Amadeus is an uproariously funny movie in a liberal arts kind of way. No, you don't really laugh out loud; rather, you think to yourself, "that's damned funny." At three hours in length (and pushing 30 years in age), the film is easier to parody than to watch. But watch it we should––Amadeus tests us in ways that few movies have––and watch it we can: It's available on Netflix Instant.
It's the love story between court composer Salieri (F. Murray Abraham) and Mozart's music. It's also a hate story between Salieri and Mozart (played by Tom Hulce), as Salieri is unable to reconcile the genius of Mozart's music with Mozart the man's arrogance and brashness.
As Mozart takes on a wife, debts, and eventually the death of his own father, his music shifts from witty tunes to soul-searching operatic masterpieces. Meanwhile, his rival assumes an increasingly complicated relationship to the desperate artist––at first trying to sabotage his career, then moving on to an elaborate, Don Giovanni-inspired kind of psychological torture involving a Carnival mask and an opera commission. After Mozart collapses from fever and stress during a production of The Magic Flute, Salieri actually becomes an apprentice to the dying man, though their collaboration ("Requiem") is never completed, and hidden away by Mozart's wife.

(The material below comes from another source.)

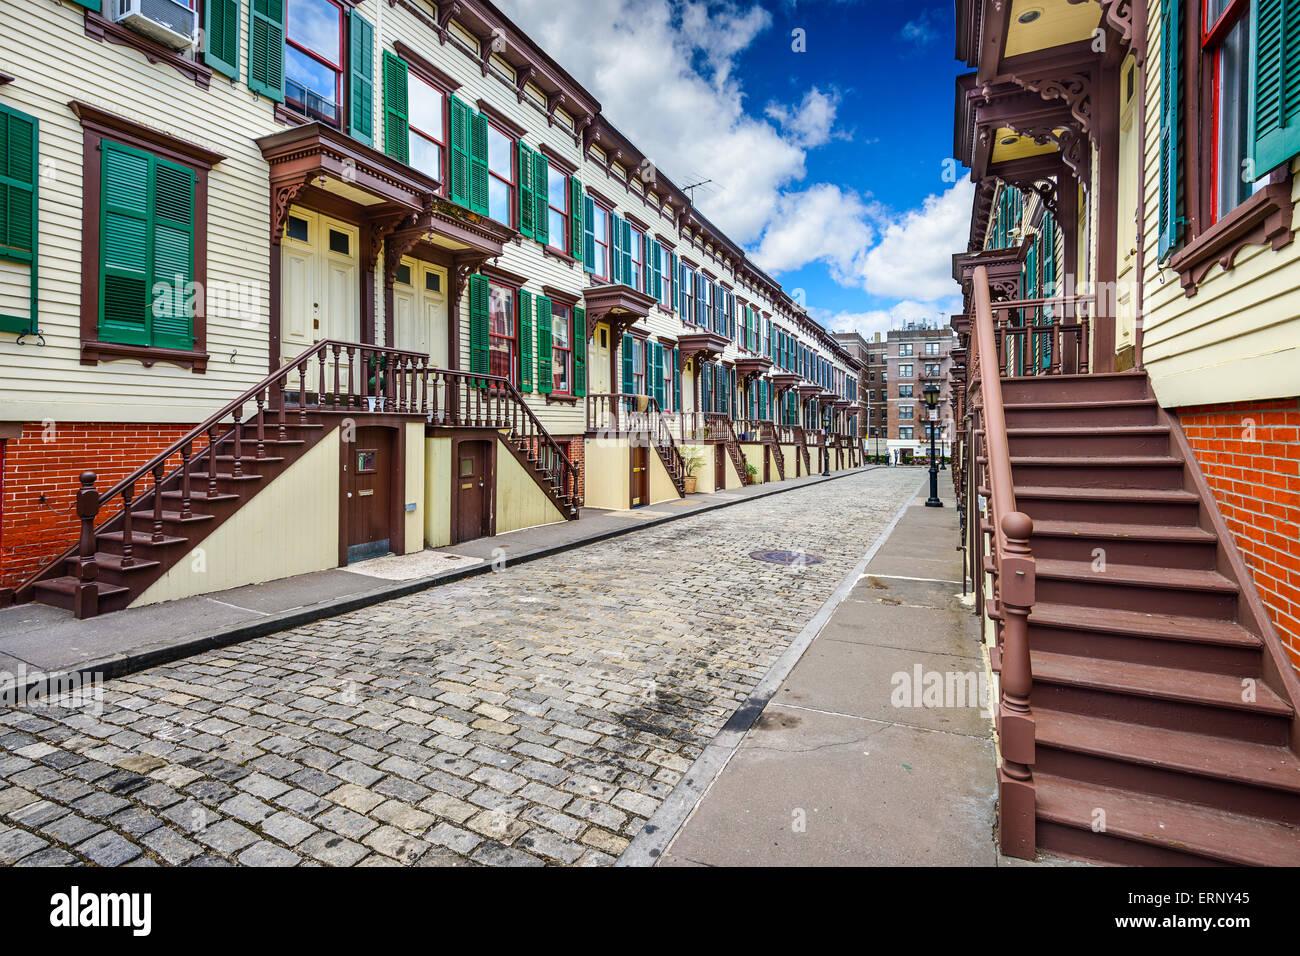 New York City, États-Unis maisons de ville à dans le quartier historique. Terrasse Jumel Photo Stock

Reflecting on this, Salieri asserts that God would rather kill Mozart than allow Salieri to lay a finger on Mozart's music. It's a compelling proof for the existence of a deity.

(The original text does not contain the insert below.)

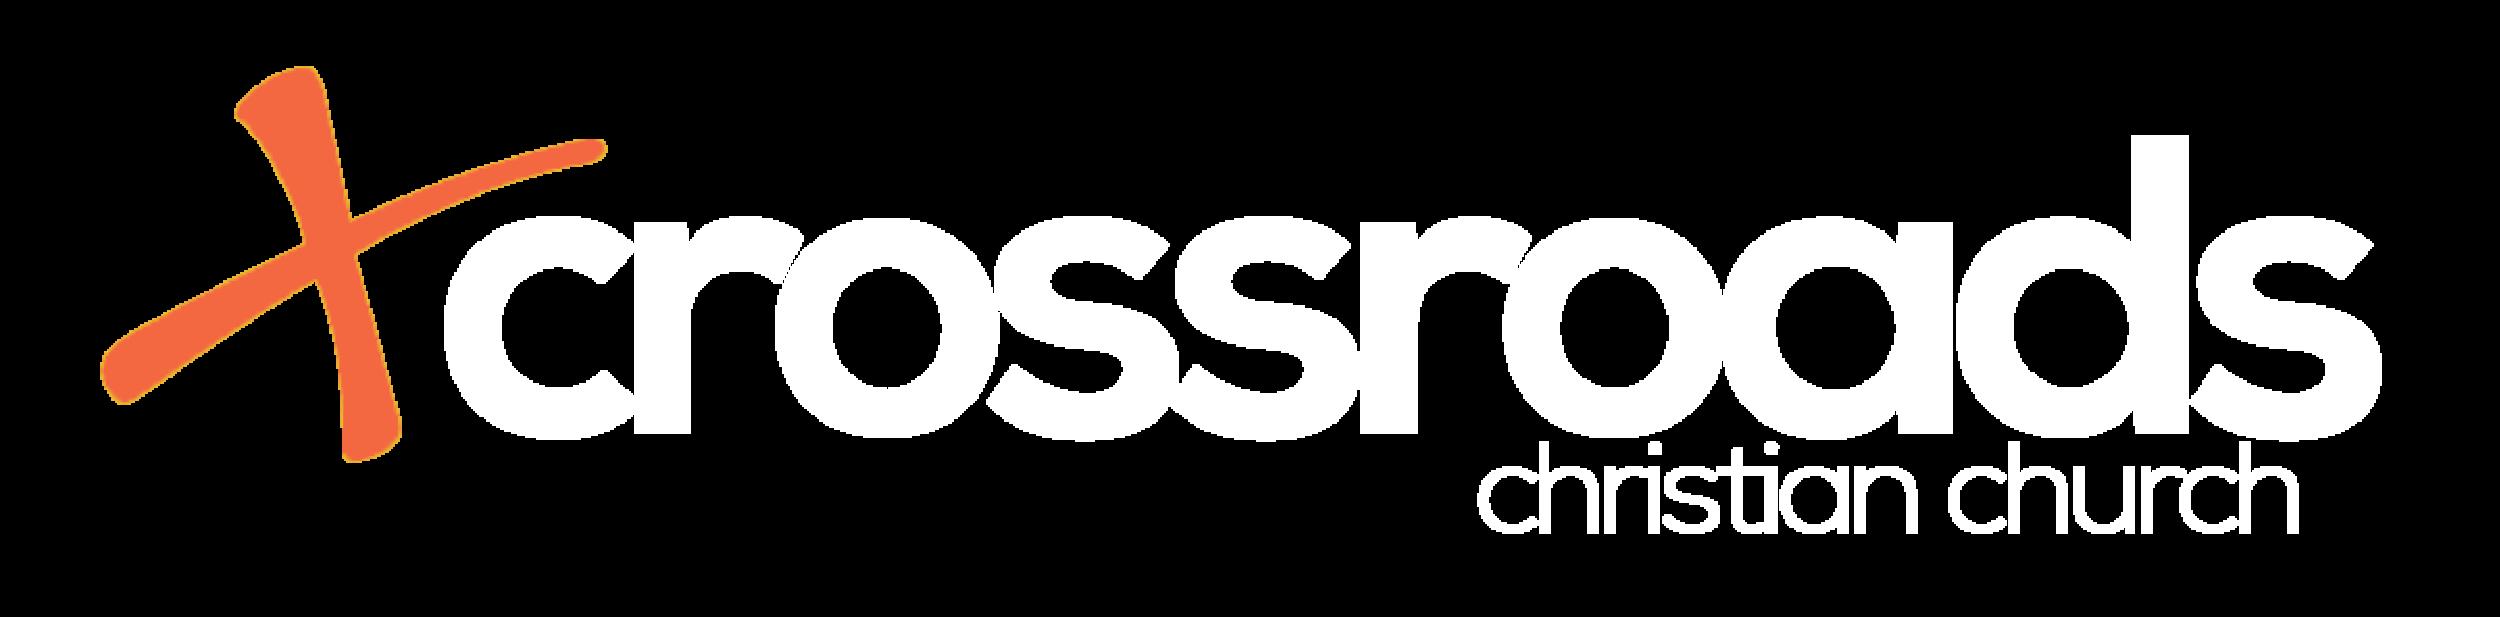 OrangeWhiteCrossroads Logo.png

God may have kept the two men artistically separate, but on screen they share a compelling dynamic. Hulce plays a grubby, sensual Mozart charmed with flouting social convention and inspired by the musicality of the everyday world. (At one point, a tongue-lashing from his own mother-in-law becomes the voice of The Magic Flute's Queen of the Night.) Abraham paints Salieri as a rational, prim, self-satisfied schemer fond of candies and––despite his professed celibacy––the attentions of beautiful women. Were it not for their shared love of music, they would have nothing in common; even their sins are opposites.
The ur-play on which Amadeus is based, Alexander Pushkin's "Mozart and Salieri," took artistic license in describing the two competing composers' relationship, turning it into a morality play not dissimilar to Pushkin's short story, "The Queen of Spades," in which a gambling German learns a trick at cards that will make him a fortune. Like Salieri, he misplaces his faith and goes insane after being miraculously foiled.
A little of Pushkin's Russian-ness remains in the film. Salieri's pride and spite make him the quintessentially venial man whose machinations are futile in the face of Mozart's genius. Mozart is a boor with an annoying laugh and a propensity for drink: Neither he nor Salieri is wholly likable, but like the theatrical characters from a Dostoevsky novel, we're unable to hate either because in each we see bits of ourselves reflected in their flaws.